My family background was full of politics, which was common amongst working class families in the 1950s and 60s. Both of my grandfathers were long-serving officers of branches of their trade unions, chair and treasurer respectively. On my mother’s side, the family were Labour Party municipal aristocracy. My grandmother was a life-long activist who sat as a school governor and on hospital boards. Her standing in the Party had benefits, one of which was the tenancy of a council house in Charlton with a substantial garden, attractively positioned at one end of the Village. My great-uncle and my mother’s cousin had been Mayors of Woolwich. The great-uncle had previously been active in the Communist Party, and I inherited his Left Book Club collection. On the paternal side of th family, my grandfather and a number of other family members were active in the Socialist Party of Great Britain, a Marxist-but-not-Leninist group of working class autodidacts. Their main activities were organising debates and speaking at Speakers’ Corner in Hyde Park. I grew up with politics over Sunday lunch and a precocious awareness of the ideas of Marx and Engels.

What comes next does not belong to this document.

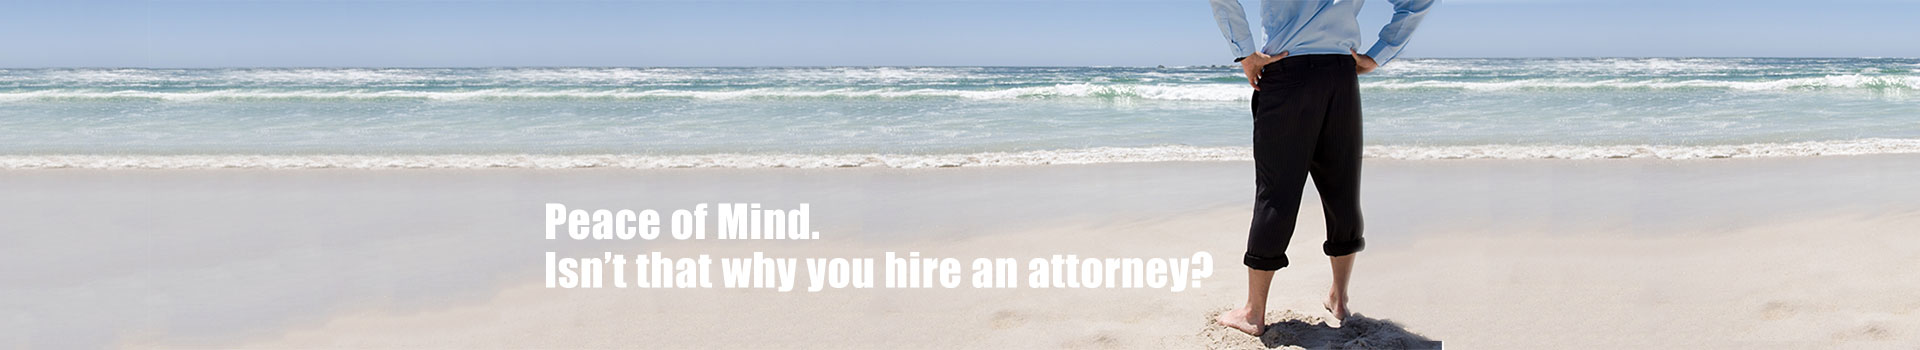 Attorney on beach, Gary L. Davis, Pasco County Attorney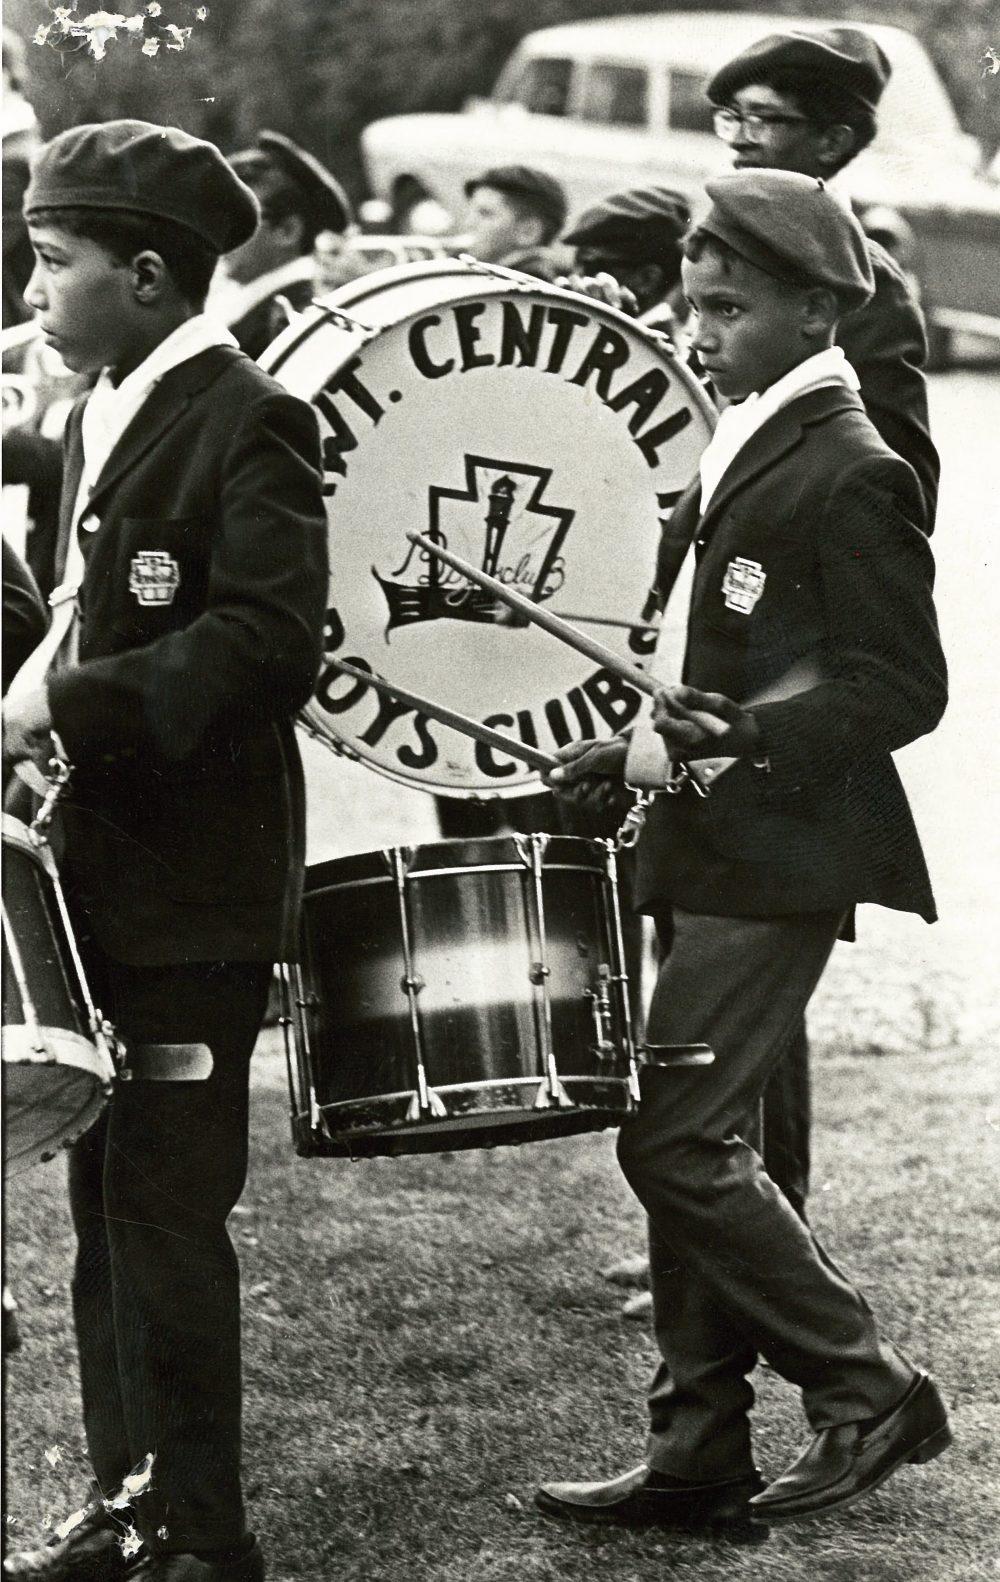 1970s band

My parents were not party members, but they felt strongly about politics and almost everything else. When I was small, we lived in two rented rooms with shared kitchen and bathroom facilities. My parents then bought a three-bedroom inter-war semi-detached house in Wricklemarsh Road, Kidbrooke, which is where we lived throughout the 1960s. By 1969, my father’s career as a manager in a paper merchant company was sufficiently successful that we moved into a larger house in Kidbrooke Grove, a broad, leafy street close to Blackheath, where our neighbours were solicitors, journalists and retired colonial administrators. My parents assimilated and were popular in this close-knit upper middle class enclave, but they remained proud socialists, anti-monarchists, anti-racists and militant atheists. To the end of her life, my mother insisted that we were still working-class in the face of obvious evidence that this was no longer true. My childhood was filled with debate amongst adults who were uneducated but well-read. There were books, classical music and strong encouragement to question authority of all types. Under the circumstances, I could not claim that my flirtation with Trotskyism arose from ignorance. However, if I was motivated by rebellion, none of the family seemed remotely bothered.